● Source data
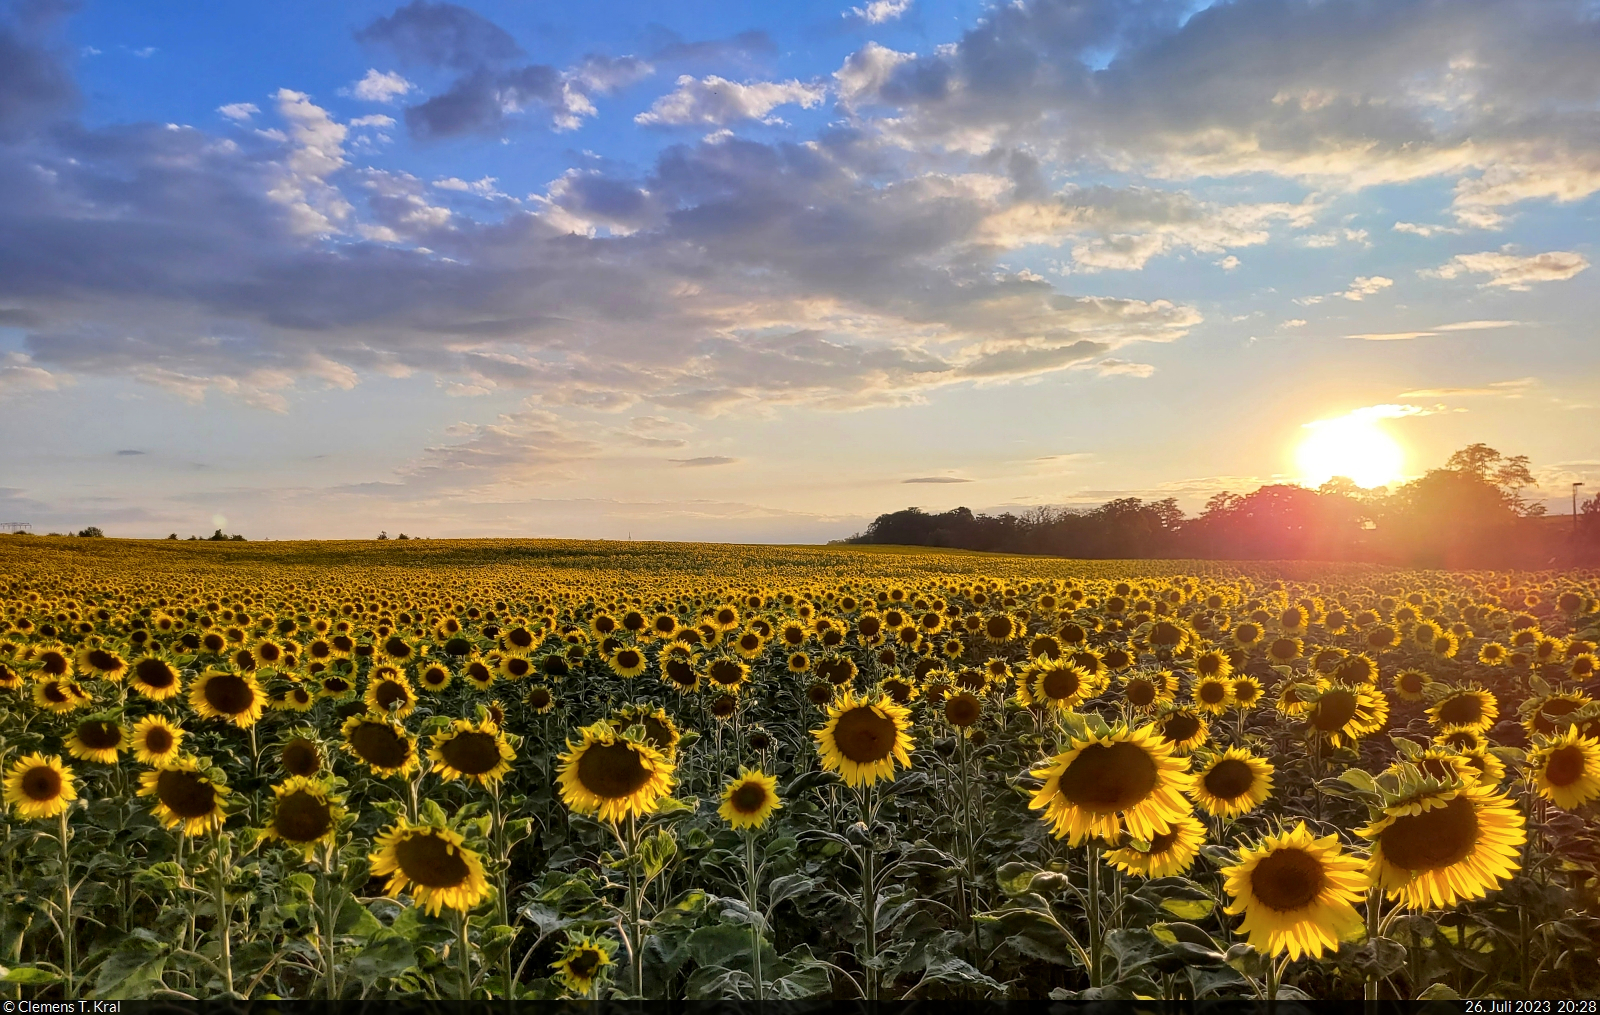 Sonnenblumenfeld am Ortsrand von Zscherben (Gemeinde Teutschenthal) an einem doch noch sonnigen Abend.

🕓 26.7.2023 | 20:28 Uhr
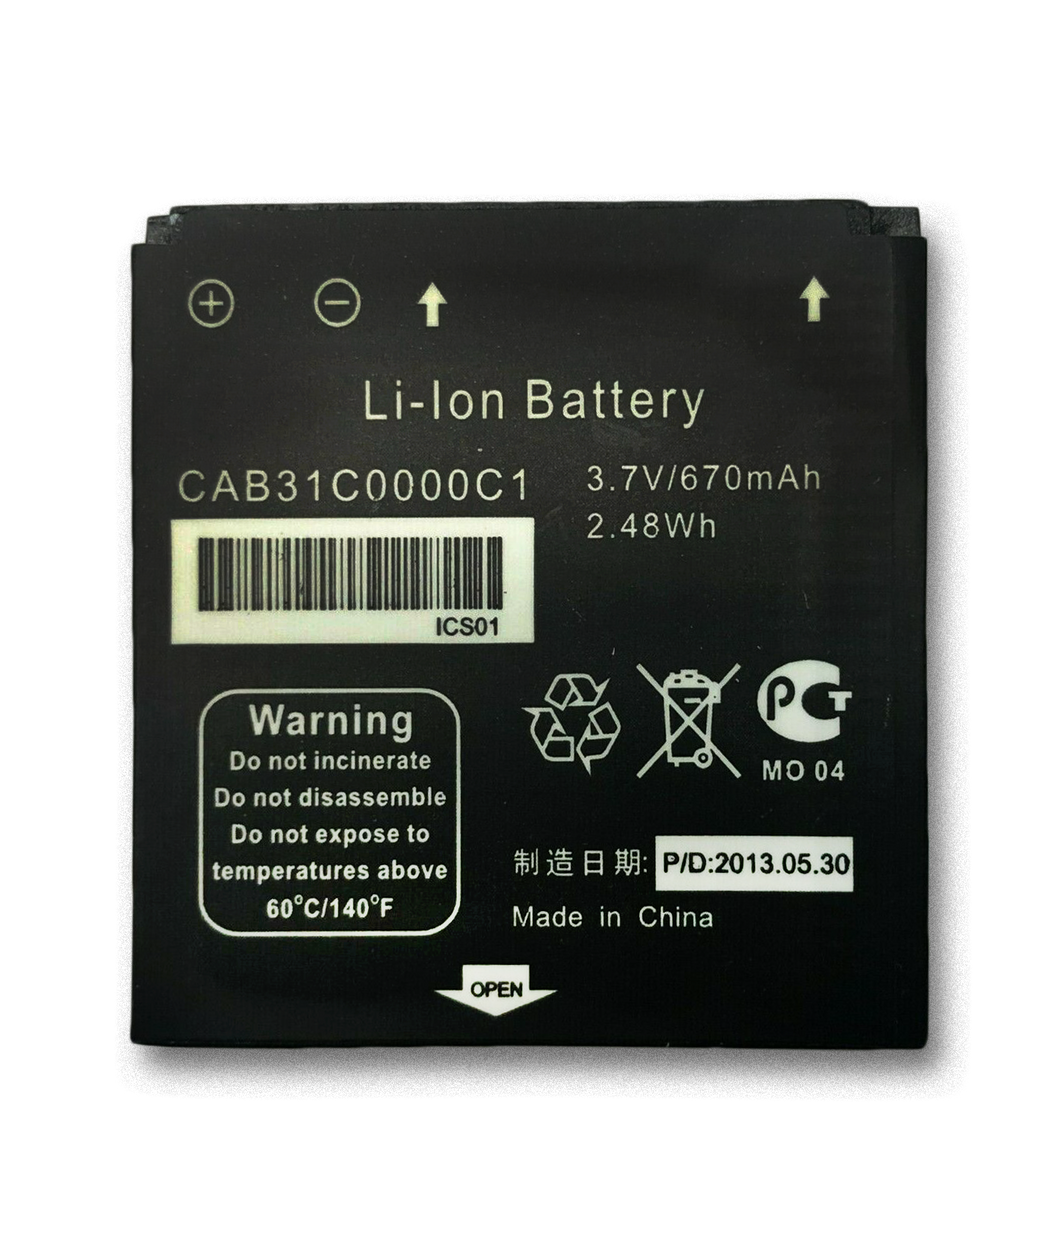 Replacement Battery for Alcatel OT-606, OT-606 Sparq, OT-606A, OT-606C, T-Mobile Spark

● Work task
Give back the listing exactly, without a single picture.

● Exercise answer
 Sonnenblumenfeld am Ortsrand von Zscherben (Gemeinde Teutschenthal) an einem doch noch sonnigen Abend.

🕓 26.7.2023 | 20:28 Uhr
 Replacement Battery for Alcatel OT-606, OT-606 Sparq, OT-606A, OT-606C, T-Mobile Spark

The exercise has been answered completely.